Письма из пещер и дебрей Индостана, стр. 30

– Лучше перейти по смерти в тело тигра, собаки, даже желтоногого ястреба, – говорил мне недавно один старый индус, – нежели сделаться бхутом! Каждый зверь, какой бы он ни был, имеет свое собственное законное тело и право честно им пользоваться. А бхуты навек обреченные дакоиты, разбойники, воры, вечно настороже, как бы поживиться чужим добром. Это самое ужасное, невообразимо страшное состояние; это и есть ад по нашим понятиям. Что это за спиритизм такой на Западе? Неужели умные и образованные англичане и американцы сошли совершенно с ума?

И он так и не поверил, чтобы могли быть довольно безумные люди, чтобы любить бхутов и даже приглашать их к себе на землю.

После ужина мужчины все отправились во двор, к колодцу, и, умывшись, снова оделись.
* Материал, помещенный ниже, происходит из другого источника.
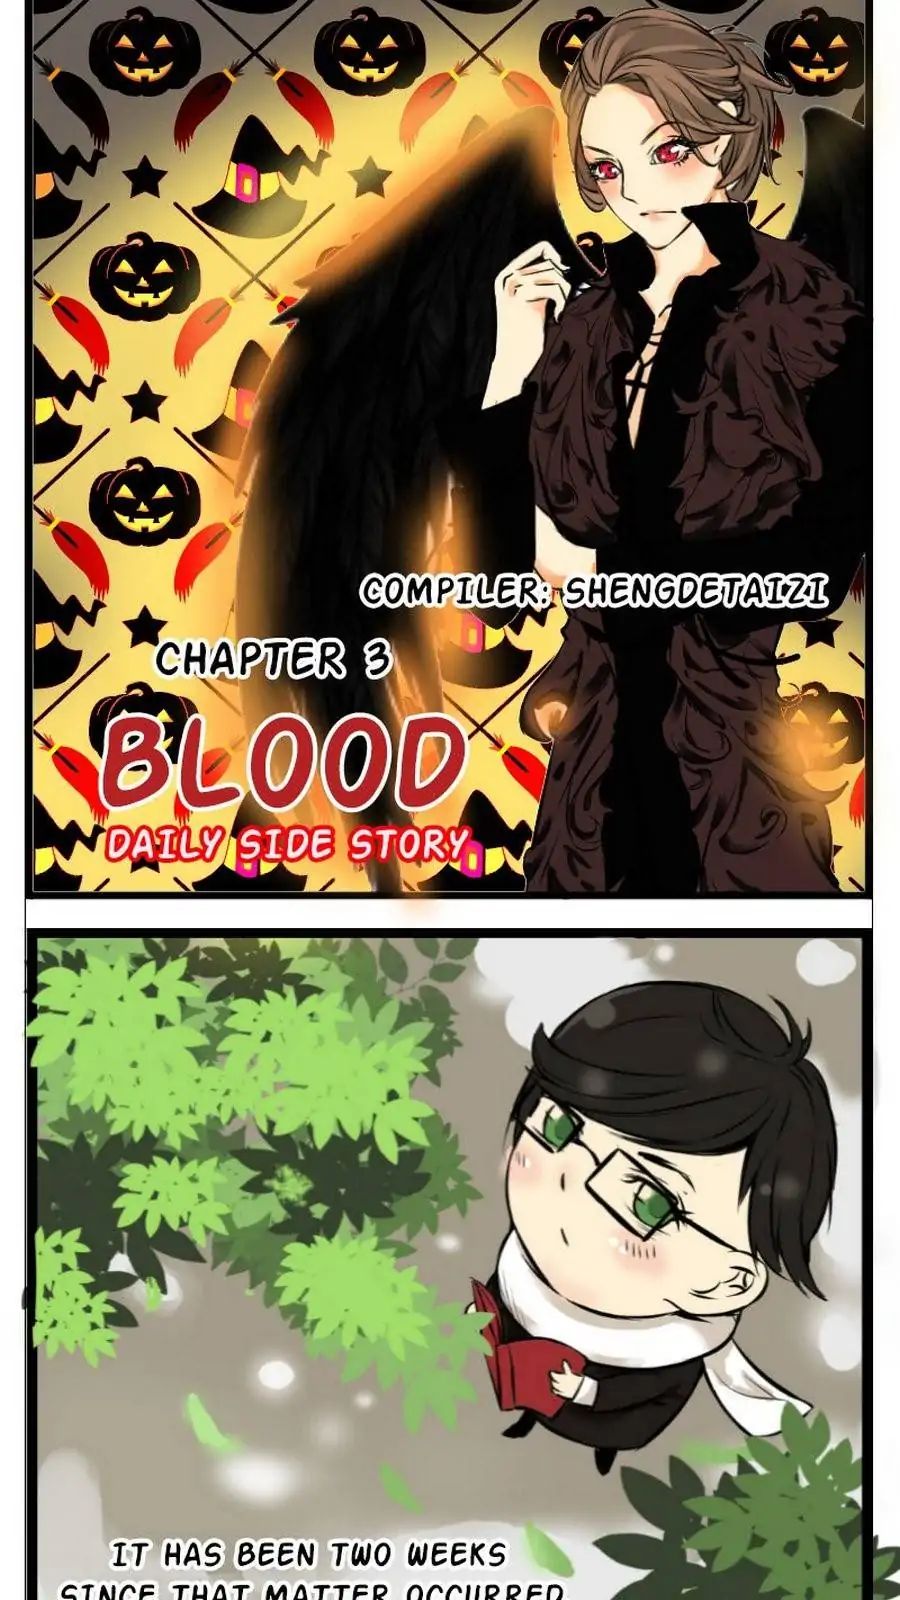 Blood Vampire Lord - Page 1

Обыкновенно они к ночи надевают чистые малмалы, род узких, длинных блуз, из тонкого жаконета, тюрбаны и деревянные сандалии с пуговкой, которую они захватывают между пальцами ноги, но оставляют обувь всегда у дверей дома. Вернувшись в приемную, они рассаживаются возле стены на коврах и подушках, жуют бетель, курят трубки или индийские сигары и слушают священное чтение или смотрят на танцы «научей».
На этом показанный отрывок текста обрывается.